◆ Work required
In the listing below, the answer starts at the line that has "Kalender 2019 Pdf Free Download Más Populares" and stops after the line that has "Les règles de"; please repeat that part exactly and nothing more.

────────────────────

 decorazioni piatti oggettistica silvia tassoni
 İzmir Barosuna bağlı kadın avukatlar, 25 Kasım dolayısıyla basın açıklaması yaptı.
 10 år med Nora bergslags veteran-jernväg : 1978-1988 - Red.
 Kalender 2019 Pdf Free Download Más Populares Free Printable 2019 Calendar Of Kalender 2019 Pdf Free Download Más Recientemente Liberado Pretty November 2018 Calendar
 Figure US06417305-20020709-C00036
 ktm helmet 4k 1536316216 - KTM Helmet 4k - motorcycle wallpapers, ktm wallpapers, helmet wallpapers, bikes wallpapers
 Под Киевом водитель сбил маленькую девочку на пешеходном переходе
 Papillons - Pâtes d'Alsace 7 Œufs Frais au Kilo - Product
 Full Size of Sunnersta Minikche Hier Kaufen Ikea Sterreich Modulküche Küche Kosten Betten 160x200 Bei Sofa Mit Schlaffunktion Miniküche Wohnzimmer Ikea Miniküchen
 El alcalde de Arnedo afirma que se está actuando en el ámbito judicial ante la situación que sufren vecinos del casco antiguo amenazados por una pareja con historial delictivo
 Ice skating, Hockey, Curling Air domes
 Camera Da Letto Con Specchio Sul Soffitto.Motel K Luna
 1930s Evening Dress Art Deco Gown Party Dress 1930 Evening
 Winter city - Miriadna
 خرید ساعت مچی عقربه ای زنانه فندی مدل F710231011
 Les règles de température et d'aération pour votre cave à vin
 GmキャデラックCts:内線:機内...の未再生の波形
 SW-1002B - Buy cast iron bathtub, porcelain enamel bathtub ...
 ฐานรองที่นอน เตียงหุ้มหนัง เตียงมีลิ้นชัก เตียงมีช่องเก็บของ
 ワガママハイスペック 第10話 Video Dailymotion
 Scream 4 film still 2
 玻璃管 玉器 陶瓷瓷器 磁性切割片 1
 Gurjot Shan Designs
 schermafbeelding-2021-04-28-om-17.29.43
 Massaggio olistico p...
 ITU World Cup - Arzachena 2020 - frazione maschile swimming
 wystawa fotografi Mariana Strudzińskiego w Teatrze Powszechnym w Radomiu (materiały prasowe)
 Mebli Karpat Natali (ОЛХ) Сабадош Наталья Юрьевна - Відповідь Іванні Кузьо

────────────────────

◆ Result of the task
 Kalender 2019 Pdf Free Download Más Populares Free Printable 2019 Calendar Of Kalender 2019 Pdf Free Download Más Recientemente Liberado Pretty November 2018 Calendar
 Figure US06417305-20020709-C00036
 ktm helmet 4k 1536316216 - KTM Helmet 4k - motorcycle wallpapers, ktm wallpapers, helmet wallpapers, bikes wallpapers
 Под Киевом водитель сбил маленькую девочку на пешеходном переходе
 Papillons - Pâtes d'Alsace 7 Œufs Frais au Kilo - Product
 Full Size of Sunnersta Minikche Hier Kaufen Ikea Sterreich Modulküche Küche Kosten Betten 160x200 Bei Sofa Mit Schlaffunktion Miniküche Wohnzimmer Ikea Miniküchen
 El alcalde de Arnedo afirma que se está actuando en el ámbito judicial ante la situación que sufren vecinos del casco antiguo amenazados por una pareja con historial delictivo
 Ice skating, Hockey, Curling Air domes
 Camera Da Letto Con Specchio Sul Soffitto.Motel K Luna
 1930s Evening Dress Art Deco Gown Party Dress 1930 Evening
 Winter city - Miriadna
 خرید ساعت مچی عقربه ای زنانه فندی مدل F710231011
 Les règles de température et d'aération pour votre cave à vin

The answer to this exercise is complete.